The Archive Index (ARX) file is always named index.arx
, and contains metadata for each TAJ file to efficiently keep track of what data is stored where. The benefits here are many-fold:
- Tweets can be stored in individual chunks in case the archive grows too large for a single disk
- Finished TAJ files can be compressed to save space, then individually decompressed later when you need to parse them
- Chronological access to the entire archive can quickly be accomplished by navigating the ARX to find the appropriate TAJ before parsing tweets
Note: For disk efficiency and chronological searching, Ornitholog's archive format is superb. However, its design makes it very tedious to further refine a query's search terms after collection, so it may be advisable to import the data into another format and index it for searching by keyword depending on your use-case.
Ornitholog stores tweets as JSON-objects, one-per-line in Tweet Archive JSON (TAJ) files. There are two varieties of TAJ file:
Finished archives are named 'tweets-' + uuid4 + '.taj', where uuid4 is a unique hexadecimal identifier. Ornitholog does not need to edit these files anymore, and you can safely gzip them for long-term storage, or move them to another disk. (Be sure to move a copy of the ARX with them so that you can keep track of their ordering!) Tweets in a finished file are ordered new-to-old.
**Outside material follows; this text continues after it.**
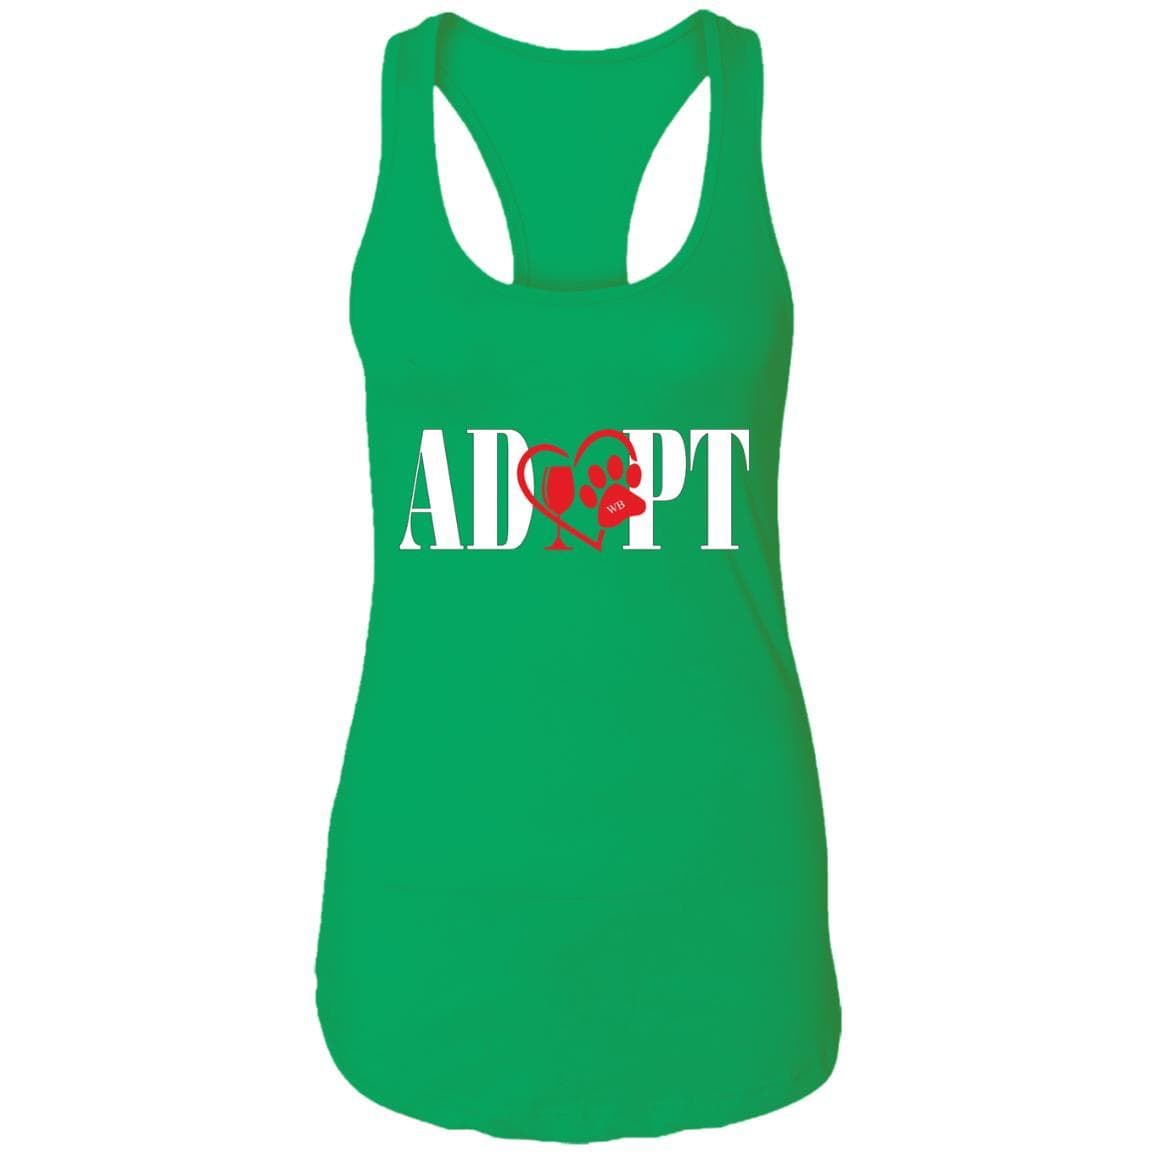 T-Shirts Kelly Green / X-Small WineyBitches.Co “Adopt” Ladies Ideal Racerback Tank-Red Heart - Wht Lettering WineyBitchesCo

Unfinished archives are named 'new-tweets-' + uuid4 + '.taj', where uuid4 is a unique hexadecimal identifier. You can't compress this file, since Ornitholog will need to scan it to update the ARX, and will eventually need to read the entire thing to create a finished file from it. Tweets in the unfinished file are ordered old-to-new.
The reason for different ordering conventions in finished and unfinished files is to streamline later functionality, where Ornitholog will allow you to use the REST API to build finished archives further backwards in time and the Streaming API to collect tweets forward in time. Inserting into a finished file to fill the gaps may eventually be included, and would necessitate inserting a double line-break into the file wherever collection is interrupted to indicate possible missing tweets. Note that since the GET/Search function of the REST API only searches for tweets up to a week old, this functionality will necessarily be of limited utility except in capturing a recent event.
Ornitholog can export stored tweets to a GML file, which can be opened in Gephi (or the graph analytics software of your preference). To do this, use the exportgraph
command.
Note: Exporting the user-interaction graph requires the networkx
Python library to be installed.
The user-interaction graph is a network of users (nodes) connected by interactions (edges). Edges can be any combination of replies, mentions, retweets, and quote retweets. (The default option is just to consider replies.) Furthermore, the entire collection of tweets need not be used; Ornitholog can filter tweets by tweet ID range and POSIX date ranges (both options can be combined). For reference on building the user-interaction graph, try help exportgraph
in the Ornitholog shell.